Kalau mangrove nya bagus, tempat berpijaknya bagus, mereka lebih dekat ke laut. Selain itu, ekowisatanya juga berkembang. Kalau mangrove nya bagus, ada berbagai macam hasil turunan dari situ. Ada juga sirup mangrove yang bisa diusahakan oleh ibu-ibu. Nah, bibit mangrove inilah yang kemudian menjadi stimulus dan oleh masyarakat karena kelembagaannya lebih kuat, itu diteruskan.
Jadi sebenarnya tidak usah terlalu bayar biaya perawatan pasti mereka bayar. Nah, PEN Mangrove ini pintar karena tidak sekadar tanam bibit, tetapi terusan-terusannya, dampaknya itu bibit dipelihara oleh masyarakat. Bahkan, masyarakat selain di Papua dan di banyak tempat saling bertukar ilmu. Penguatan gender perempuan ada di situ dan di banyak tempat.

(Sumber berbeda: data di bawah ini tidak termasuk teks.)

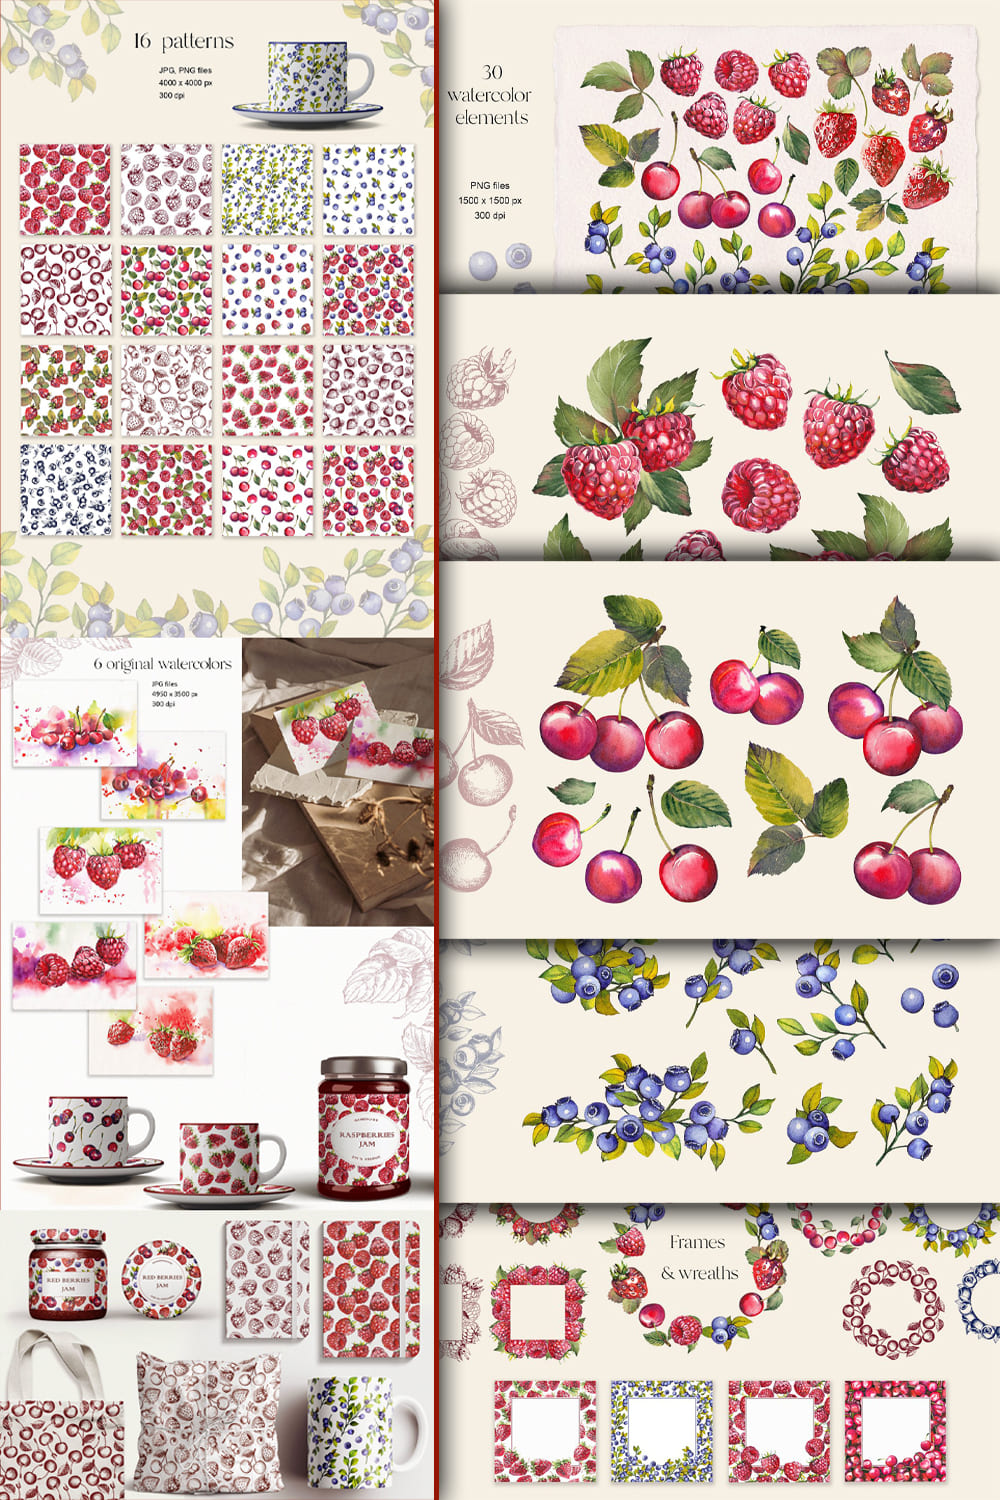 Cups, jars, bags with a berry print.

Kemudian secara sosial juga mereka lebih kompak. Misalnya tercatat yang ikut PEN Mangrove itu 50 kepala keluarga. Tapi, ternyata di banyak tempat, sekampung yang ikutan, bahkan ada yang pakai upacara adat. Sesudahnya mangrove itu diharapkan mereka pelihara dan berdampak ekologis, sosial, dan ekonomi. Jadi cerdasnya di situ. PEN Mangrove mendorong banyak aspek.